RECORDED INFORMATION:
*** Begin section ***
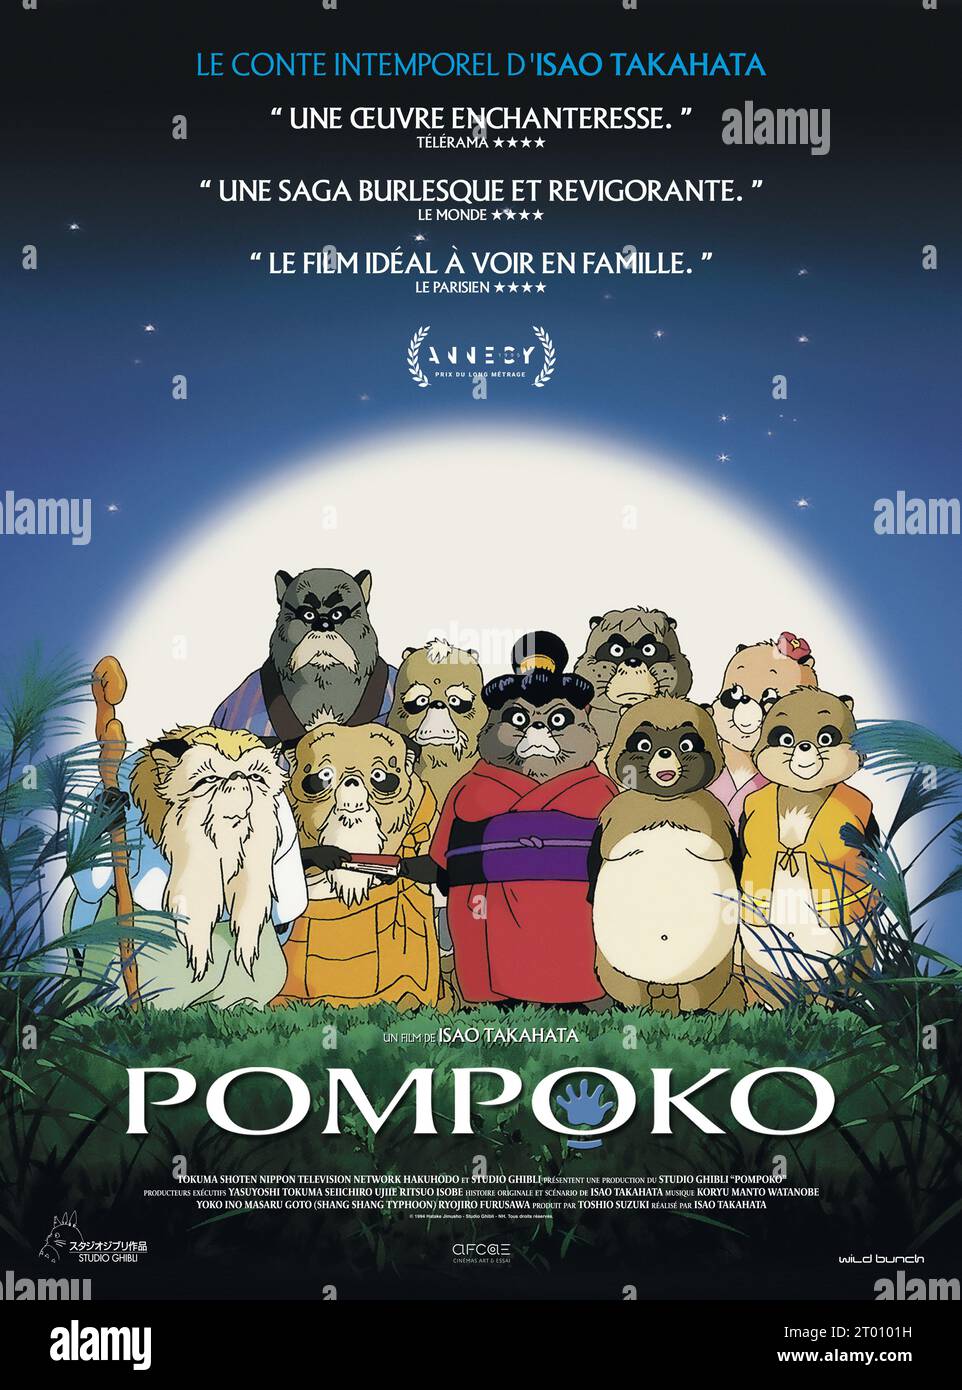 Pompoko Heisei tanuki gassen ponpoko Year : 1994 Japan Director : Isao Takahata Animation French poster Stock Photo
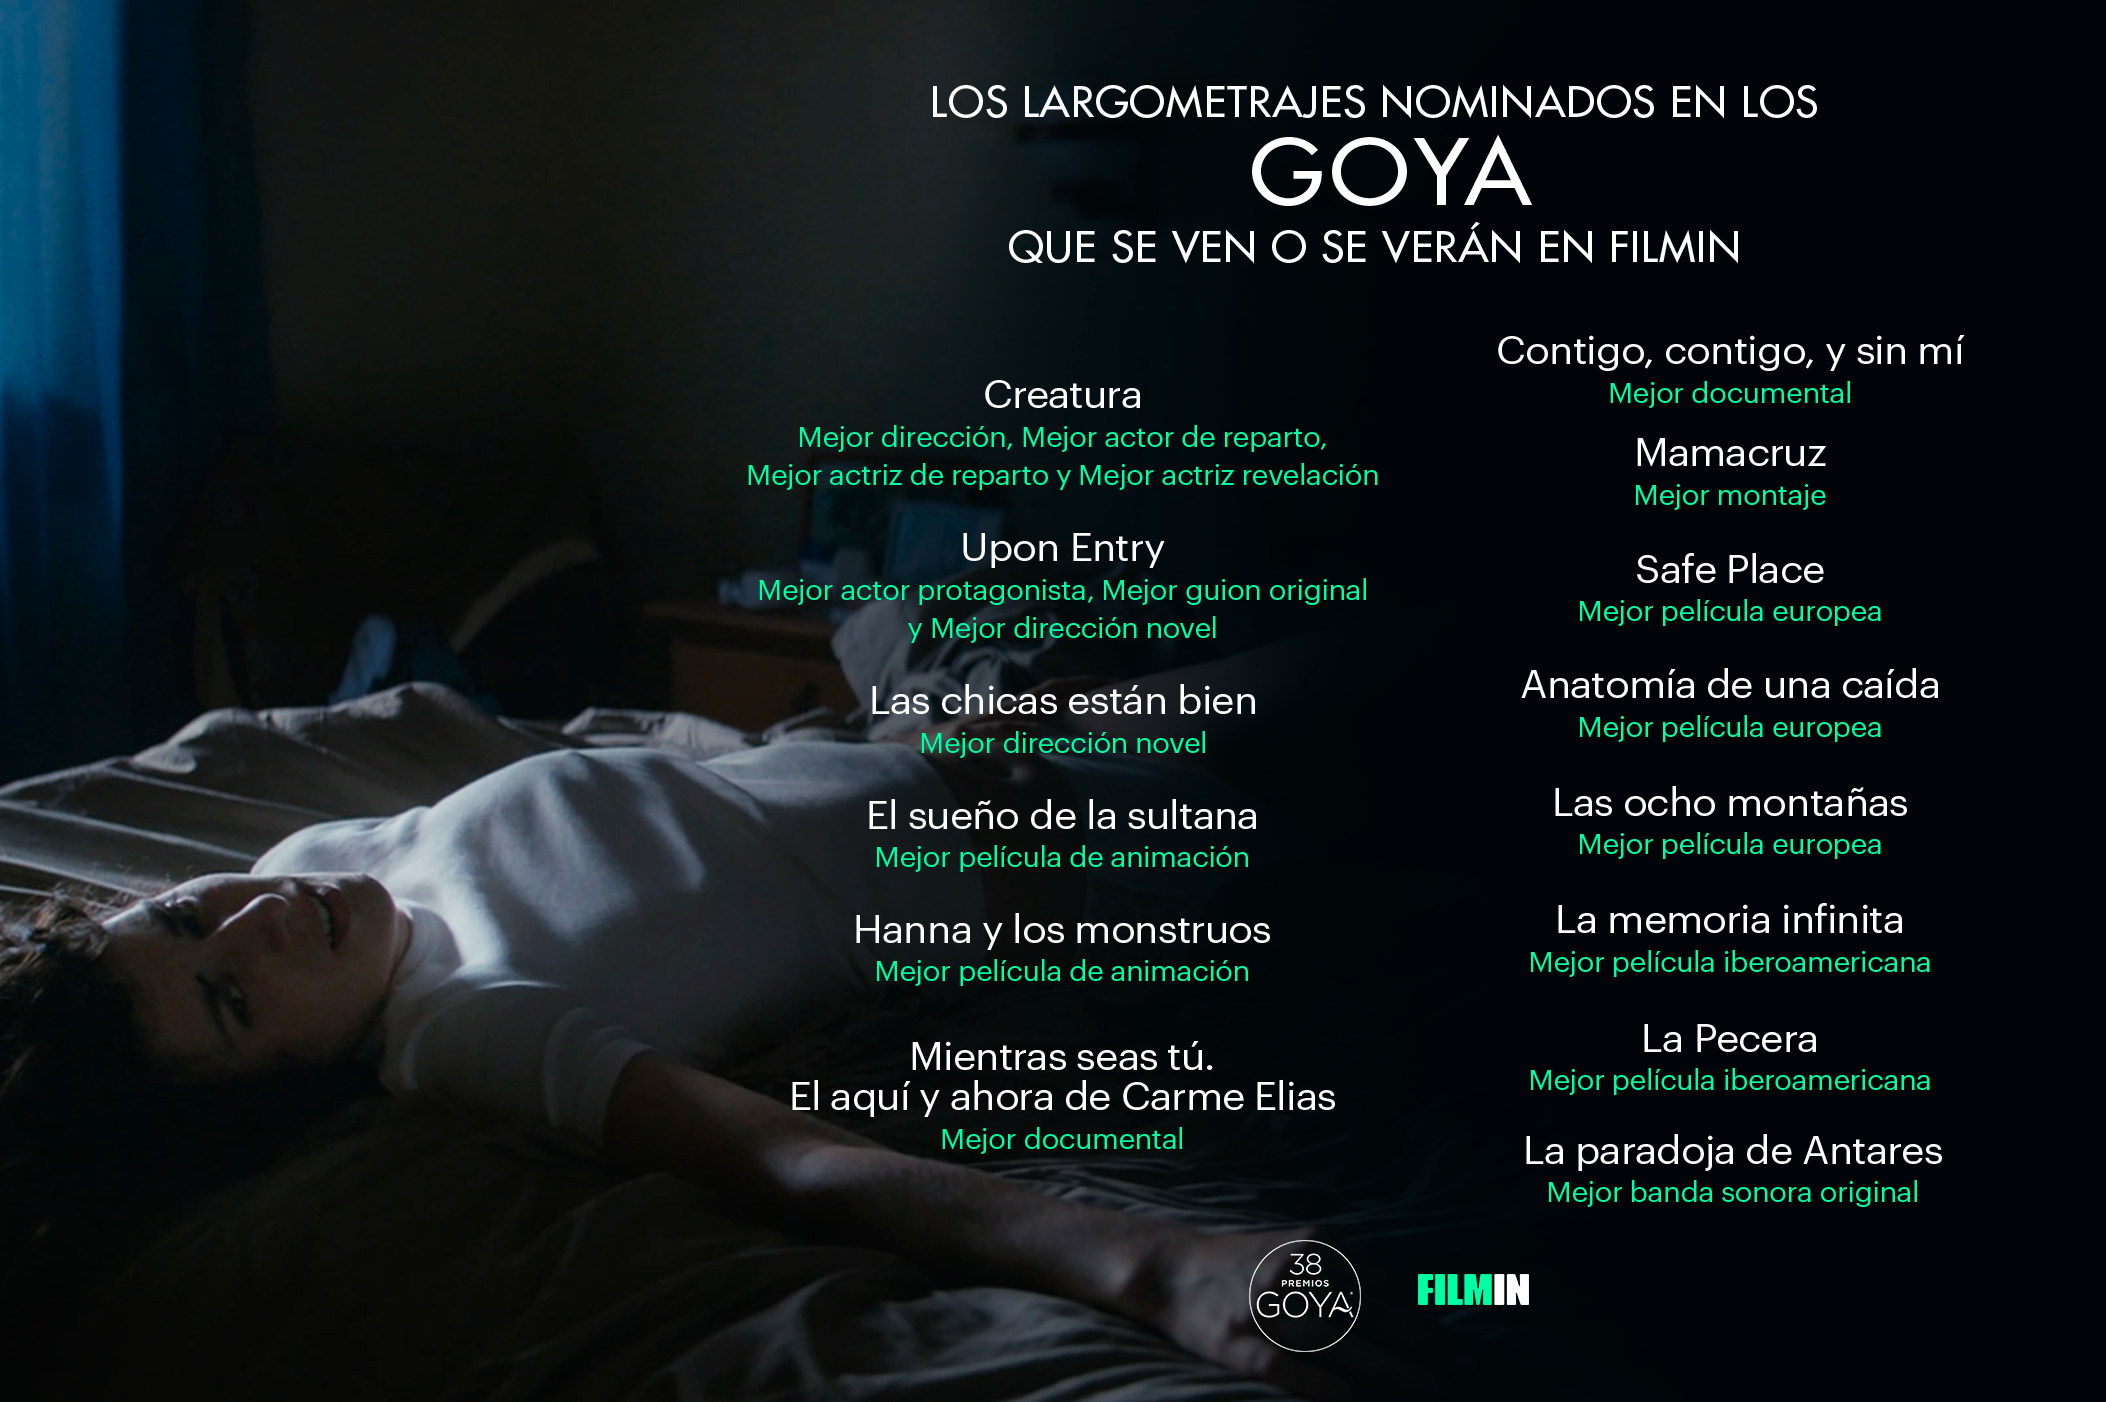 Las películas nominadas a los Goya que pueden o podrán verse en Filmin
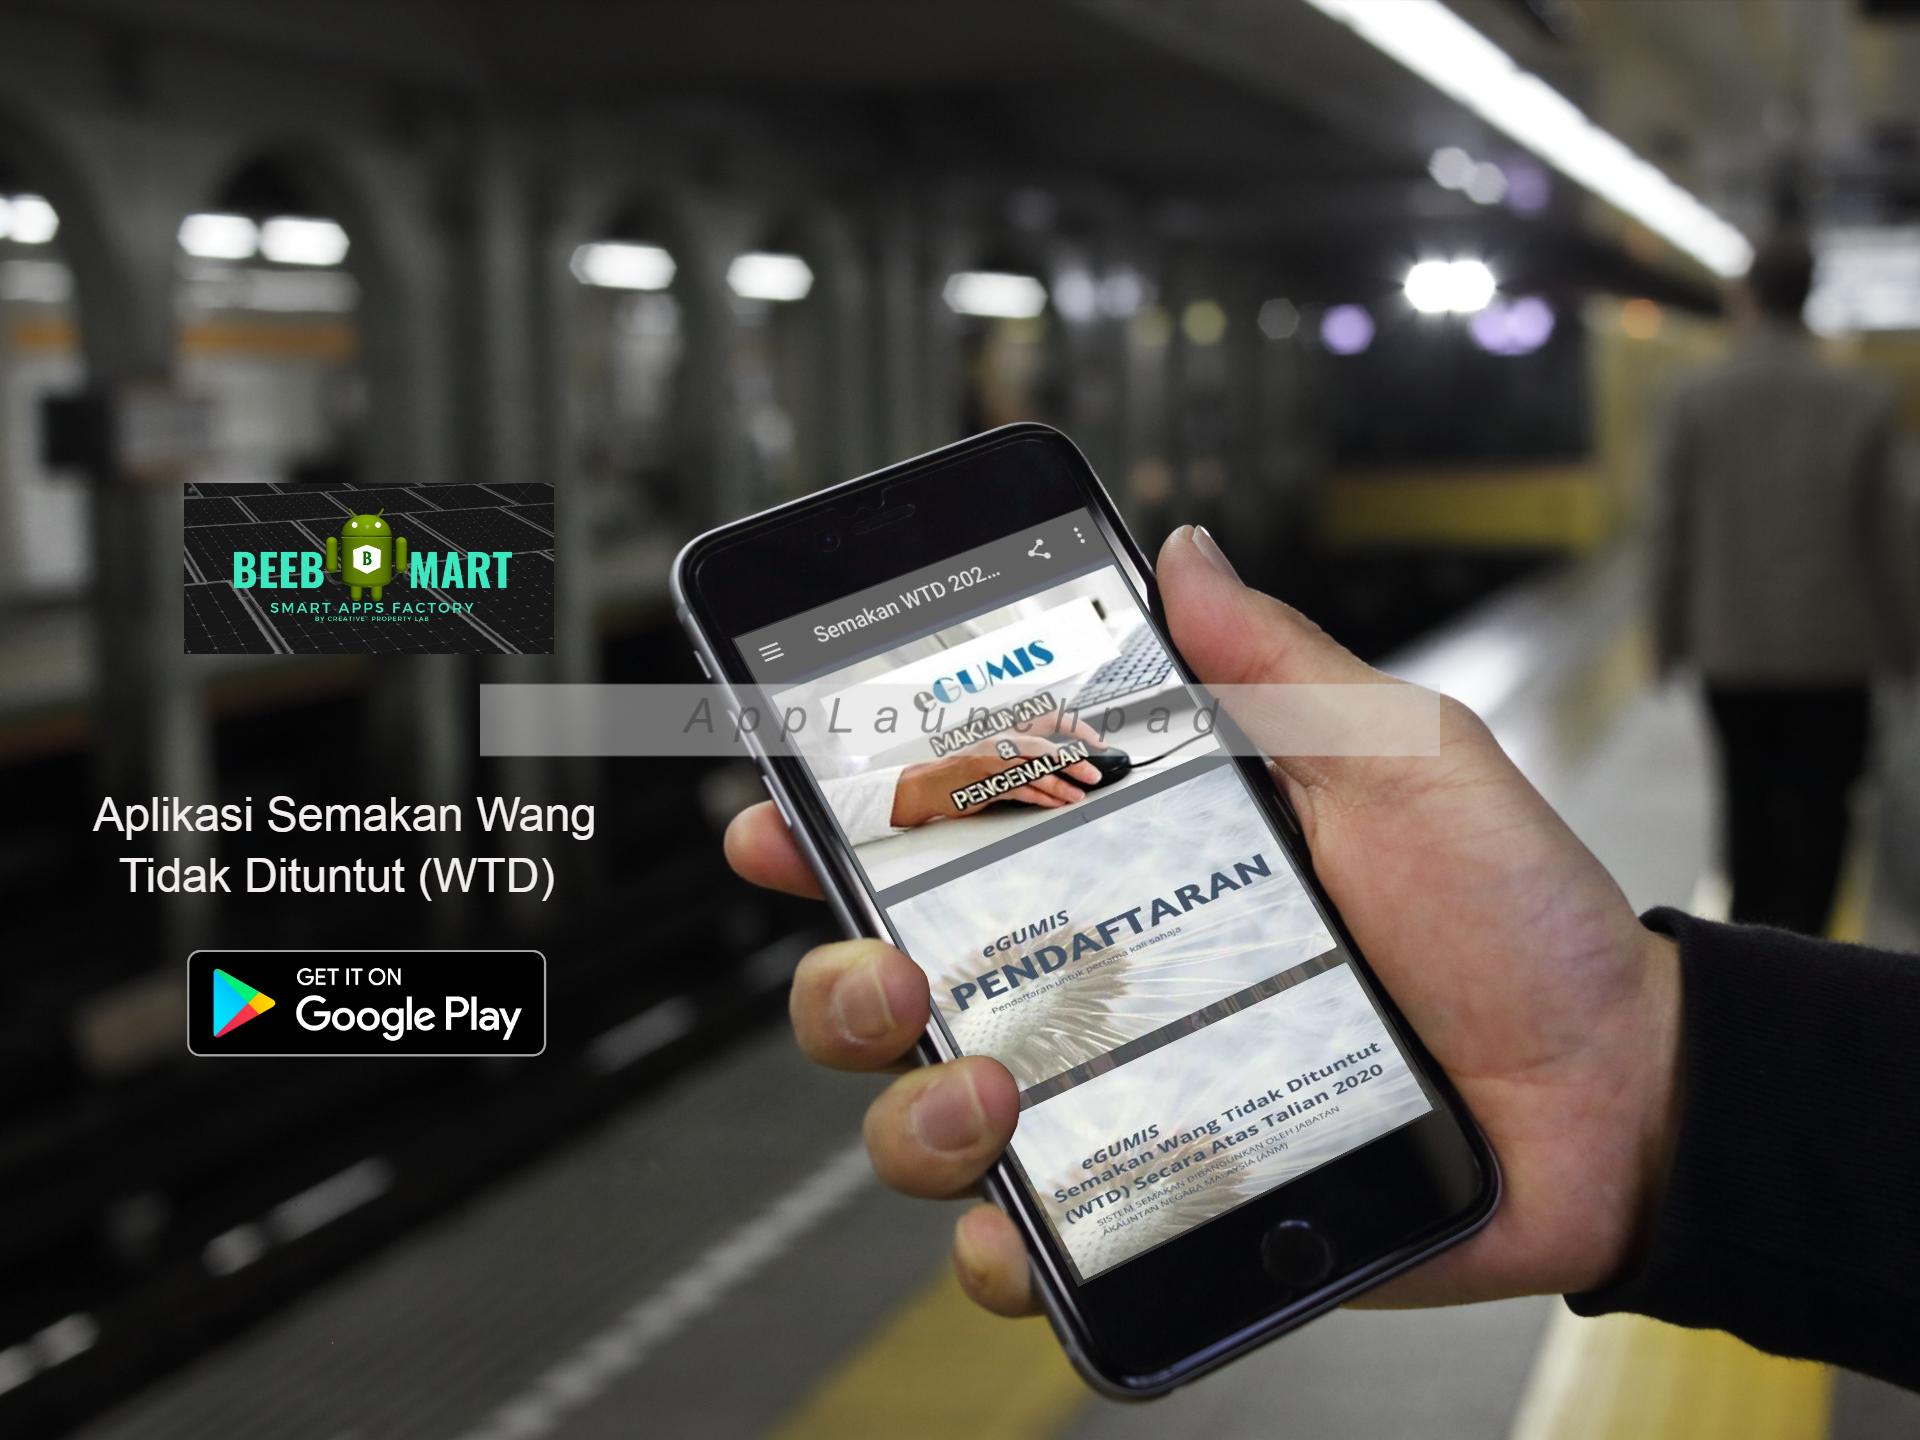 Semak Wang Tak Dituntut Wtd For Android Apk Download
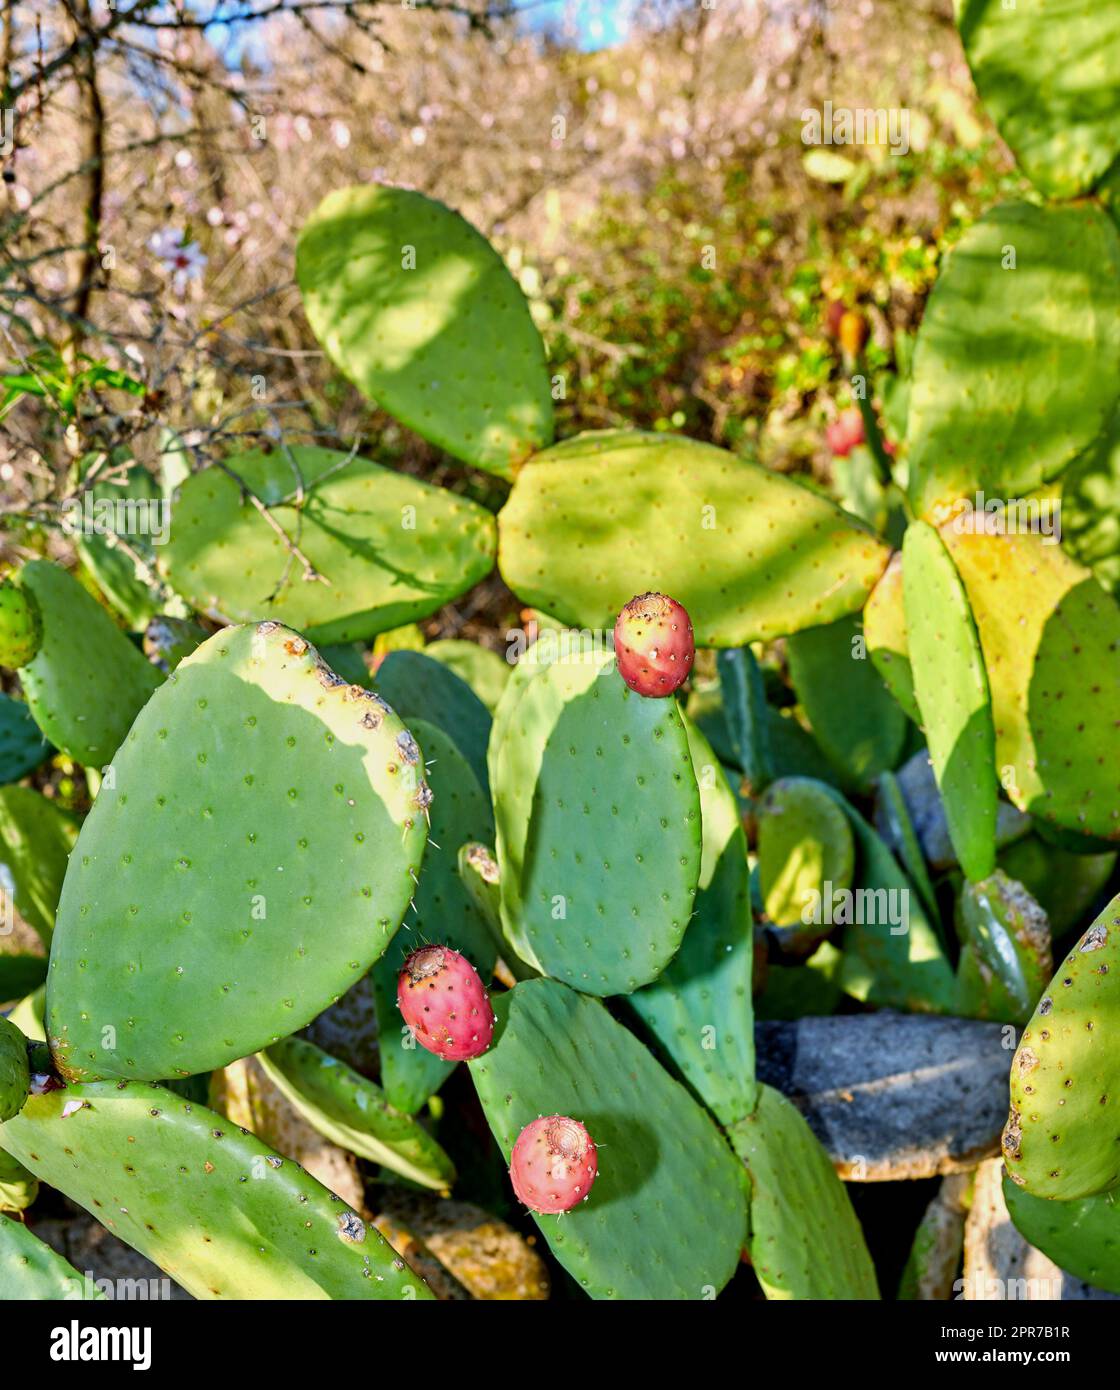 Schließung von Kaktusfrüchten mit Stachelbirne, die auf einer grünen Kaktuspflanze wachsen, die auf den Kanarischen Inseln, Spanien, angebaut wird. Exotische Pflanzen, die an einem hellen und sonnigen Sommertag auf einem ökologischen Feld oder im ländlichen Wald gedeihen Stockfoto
*** End section ***
Starting with the first line of the material, print each line exactly until you have printed the line with "Semak Wang Tak", and skip the pictures.

EXERCISE RESULT:
 Pompoko Heisei tanuki gassen ponpoko Year : 1994 Japan Director : Isao Takahata Animation French poster Stock Photo
 Las películas nominadas a los Goya que pueden o podrán verse en Filmin
 Semak Wang Tak Dituntut Wtd For Android Apk Download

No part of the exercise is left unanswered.